Na de dood van de achtste bogd gegen, Ngawang Losang Chökyi Nyima Tenzin Wongchuk, vonden enkele lama’s al snel een nieuwe reïncarnatie. Dat stuitte echter op bezwaren bij de Chinese Volkspartij. Die baseerde zich op het historische feit, dat in het verleden de acceptatie van een nieuwe reïncarnatie niet alleen een zaak was van de hiërarchie binnen het georganiseerde Mongoolse boeddhisme. Zeker vanaf de derde bogd gegen moest een reïncarnatie uitdrukkelijk gelegitimeerd worden door het wereldlijk gezag van de Mantsjoe-keizer. Het Centraal Comité van de partij besloot dat er onvoldoende gronden waren om de gevonden reïncarnatie te accepteren.
De Partij was nog niet machtig genoeg om een zoektocht naar een jebtsundamba volstrekt te verbieden. Het had echter de ambitie om een andere sociale en economische ordening in het land te realiseren en verwachtte daarbij uiteraard weerstand van de hiërarchie van het georganiseerd boeddhisme. Het wilde dan ook niet gelijk het tactische voordeel opgeven om het georganiseerde Mongoolse boeddhisme voorlopig zonder geestelijk leider te laten. Het Centraal Comité suggereerde daarop om de kwestie voor te leggen aan de Dalai Lama. Dat zou een procedure kunnen worden die men zeer lang zou kunnen rekken. Er bleef echter onrust in het land bestaan.
Volksgeloof
In 1926 nam het partijcongres uiteindelijk een verklaring aan waarin handig gebruik wordt gemaakt van enkele elementen uit het Mongoolse volksgeloof. Het was een traditie geworden dat na de dood van een jebtsundamba er geruchten gingen circuleren dat deze niet meer wedergeboren zou worden. Een tweede element uit het volksgeloof was, dat de ooit laatste reïncarnatie in de lijn van de jebtsundamba’s de mythische generaal Hanamand zou zijn uit het even mythische rijk van Shambhala.
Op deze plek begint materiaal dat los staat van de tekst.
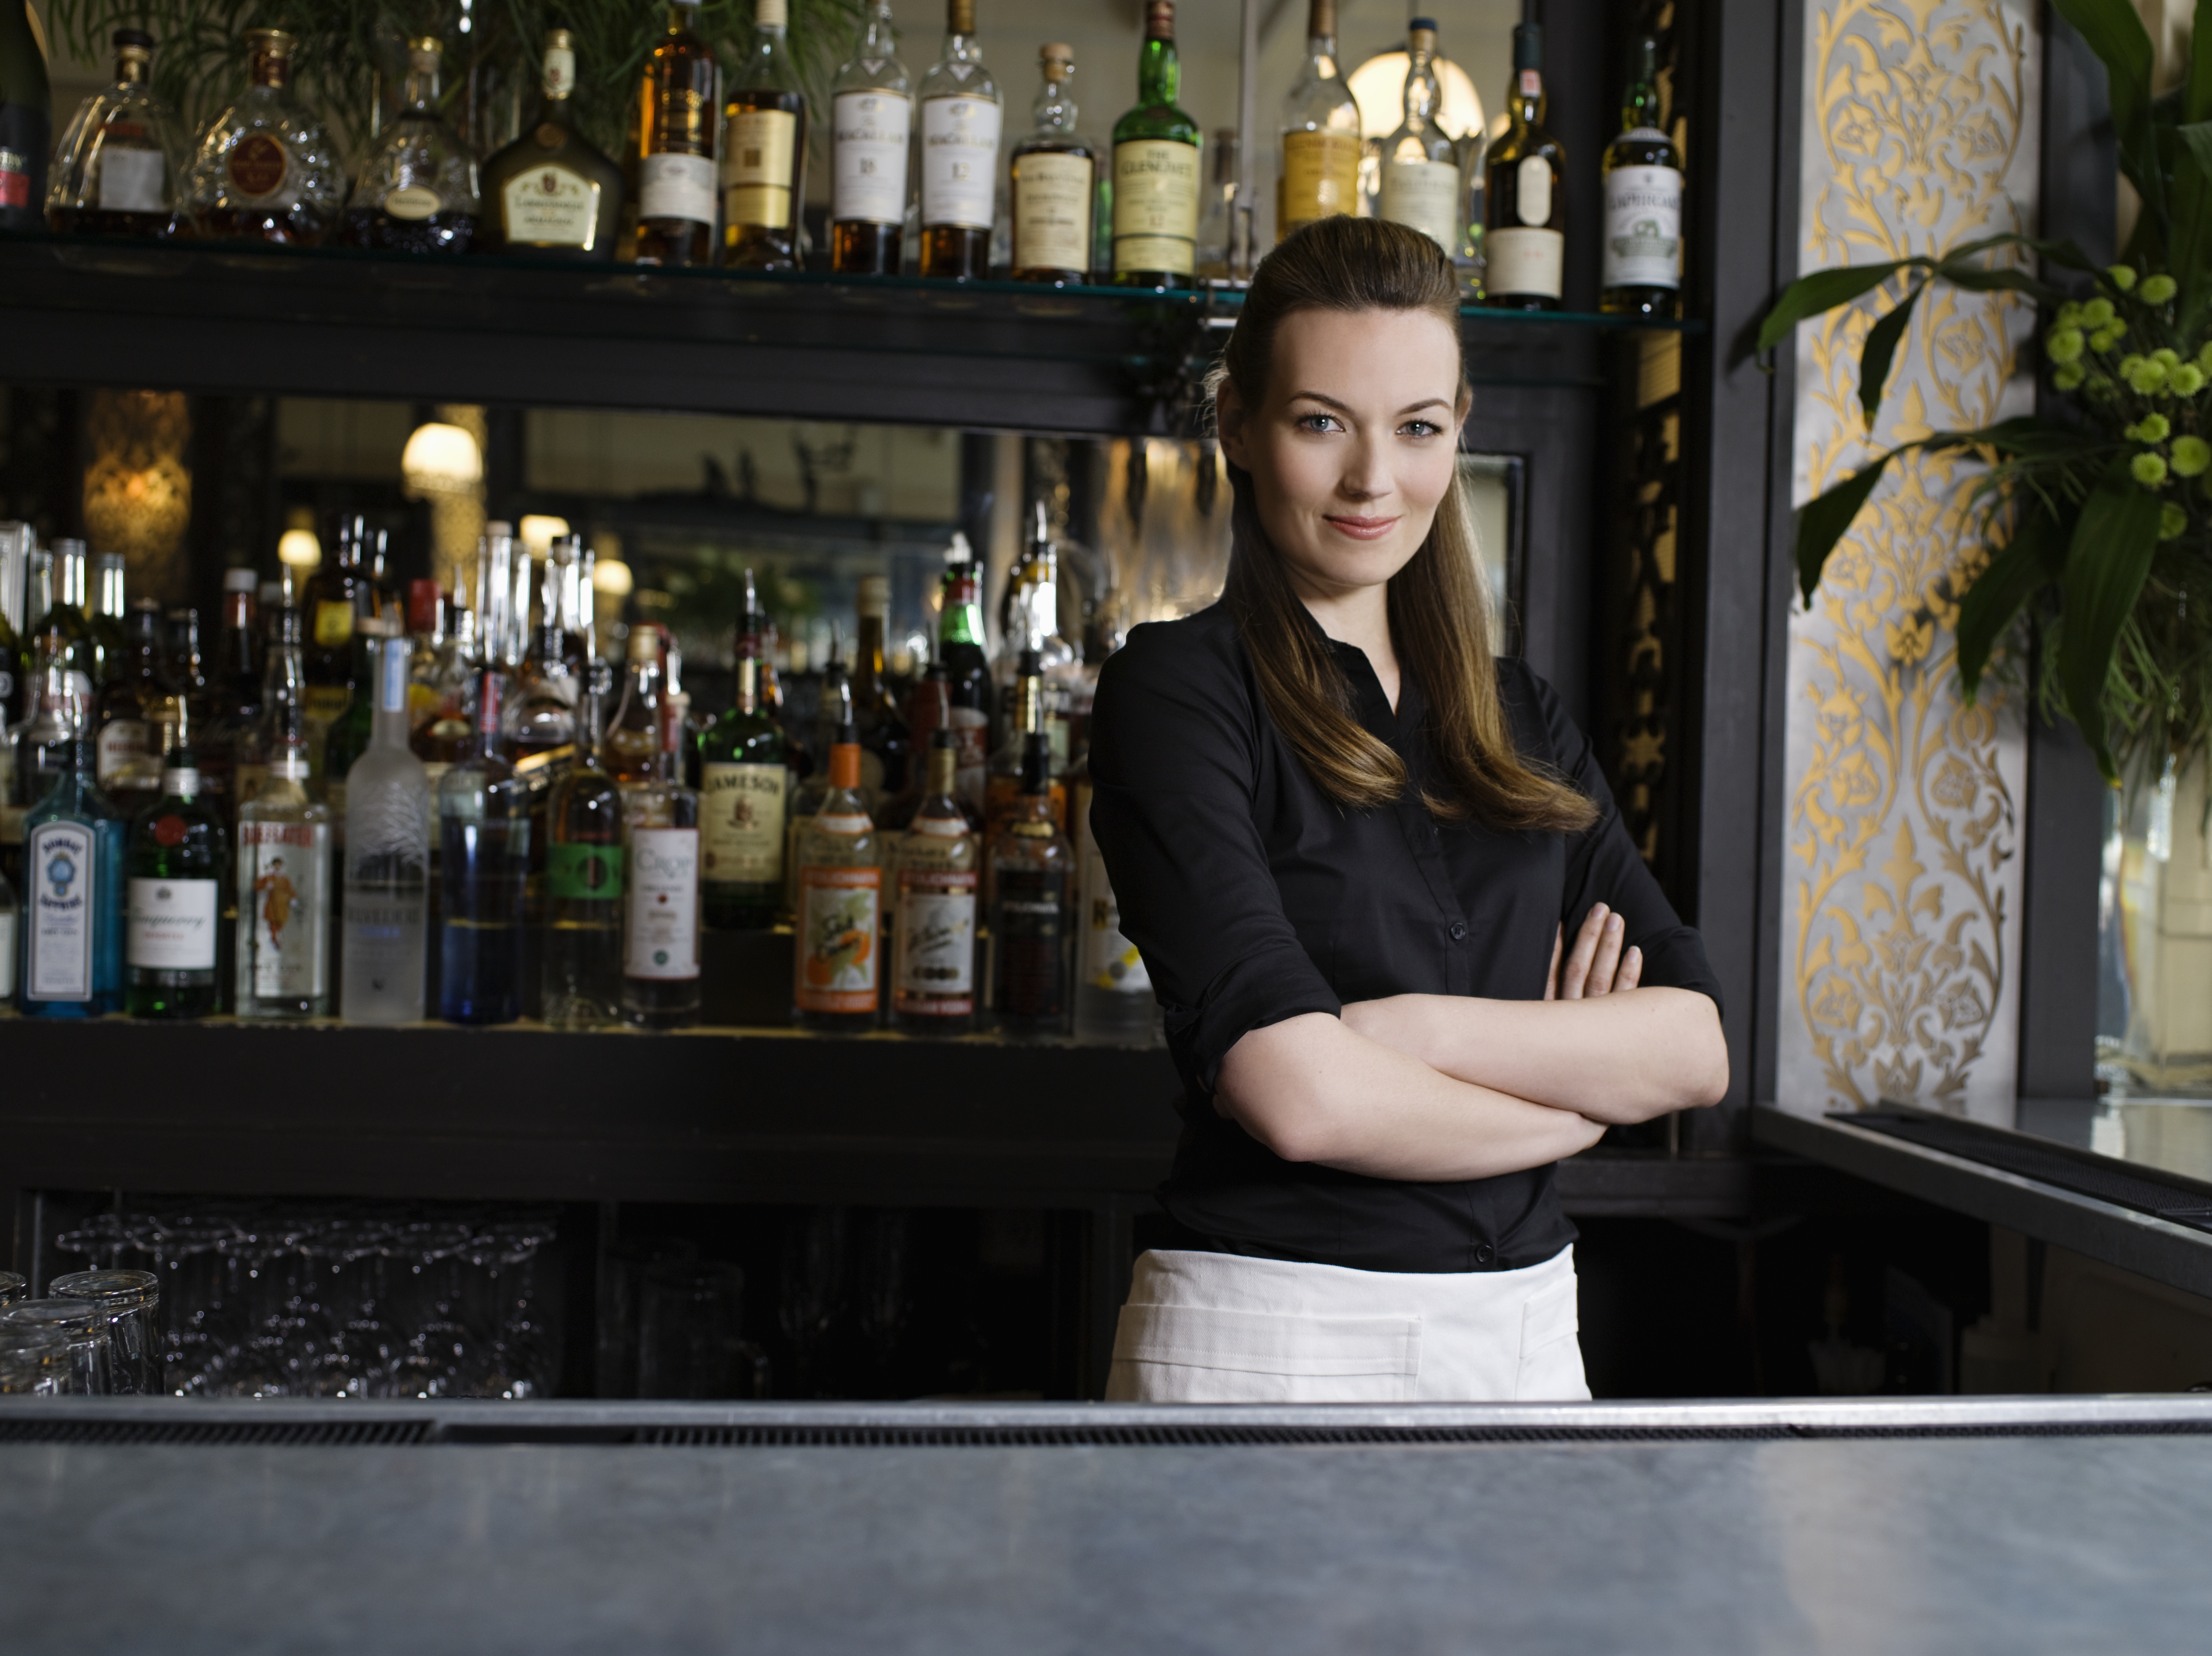 Eine selbstbewusste Barkeeperin, die hinter der Bar steht | Quelle: Getty Images

De kwestie is echter nooit aan de toenmalige dertiende Dalai Lama, Thubten Gyatso, voorgelegd. In 1936 zou Jampäl Yeshe Gyaltsen, de vijfde Reting rinpoche en op dat moment de eerste van de twee regenten in Tibet voor de periode na de dood van de dertiende dalai lama ontdekt hebben dat de dan vierjarige Jampäl Namdröl Chökyi Gyaltsen de incarnatie was van Ngawang Losang Chökyi Nyima Tenzin Wongchuk (1870-1924), de achtste jabzamdanba. Die ontdekking wordt vanwege de voor het boeddhisme desastreuze situatie in Mongolië geheim gehouden.
Als Tenzin Gyatso, de veertiende Dalai Lama, in 1959 naar India vlucht, wordt hij gevolgd door Jampäl Namdröl die vreest dat indien in de nieuw ontstane situatie in Tibet zijn identiteit toch onthuld zal worden dit dan misbruikt zal worden voor communistische propaganda.
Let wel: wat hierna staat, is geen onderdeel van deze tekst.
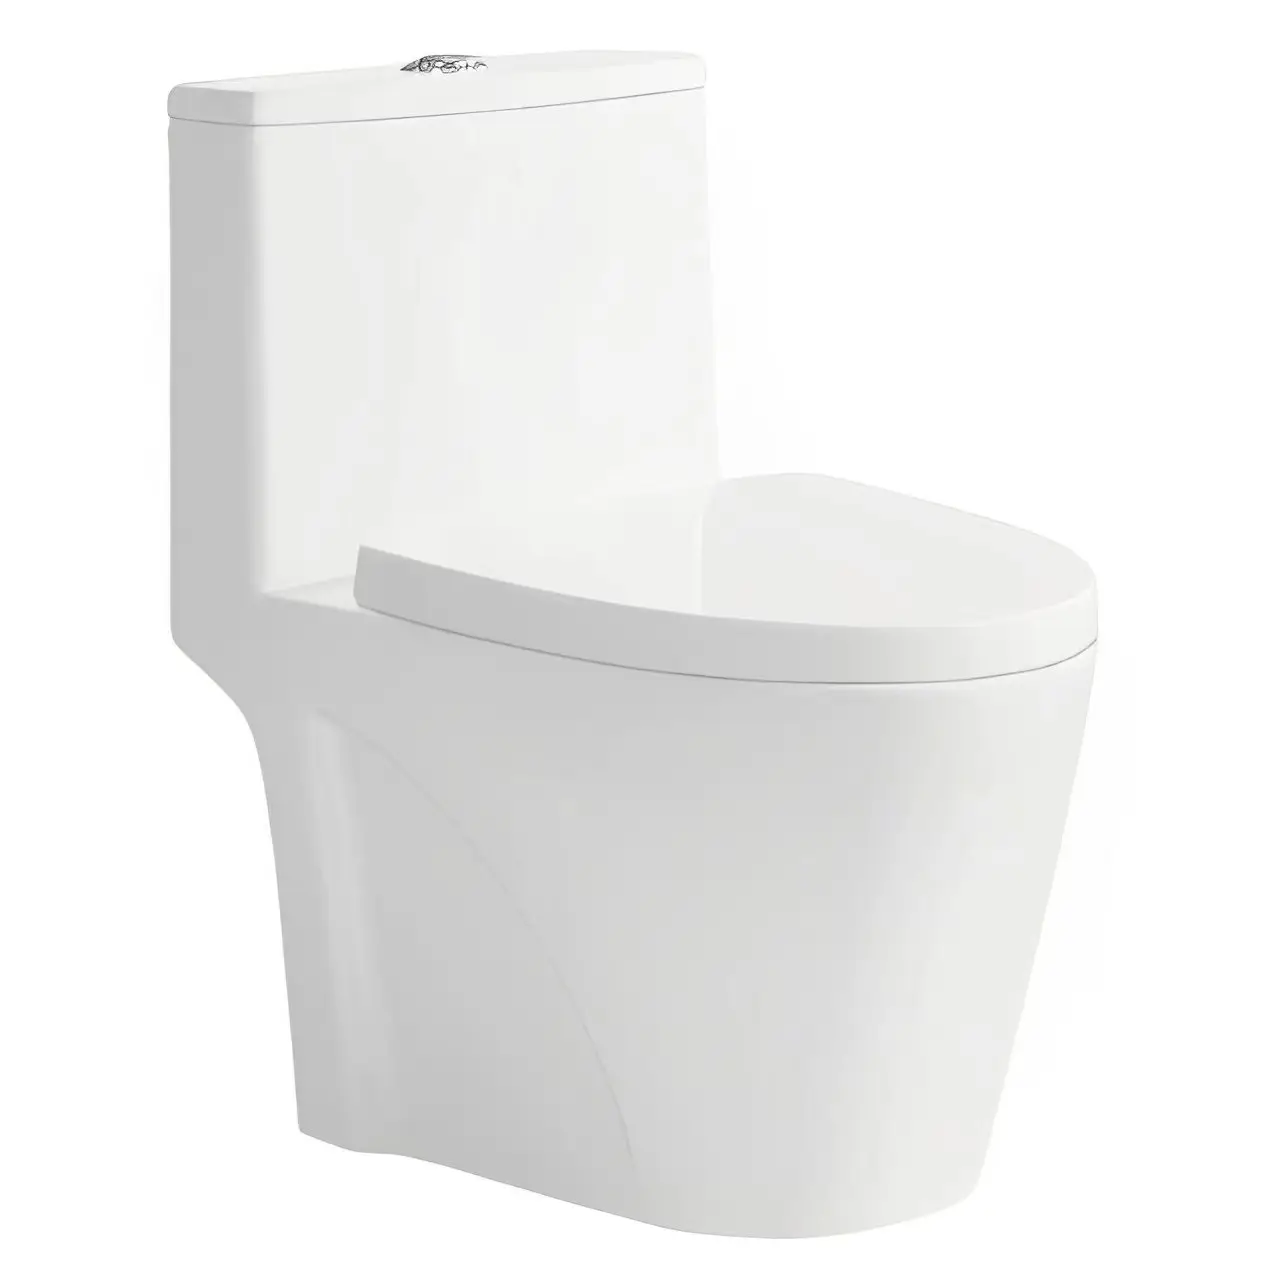 Medyag 2024 venda imperdível de louças sanitárias de cerâmica para banheiro, vaso sanitário de marca com descarga dupla, peça única montada no chão

In Mongolië valt circa 1990 de alleenheerschappij van de communistische partij en in het land ontwikkelt zich een meerpartijensysteem en een vorm van min of meer democratie. In dat jaar, 1990, onthult ook de Dalai Lama de identiteit van Jampäl Namdröl als de negende jabzandamba. In 1992 wordt hij ook in Dharamsala, India, als zodanig geïnstalleerd.
Het zou daarna nog haast 20 jaar duren voordat hij in 2010 het Mongoolse staatsburgerschap aanvraagt en verkrijgt en zich dan op al 78-jarige leeftijd vestigt in het klooster Gandantegchinlin nabij het huidige Ulaanbaatar.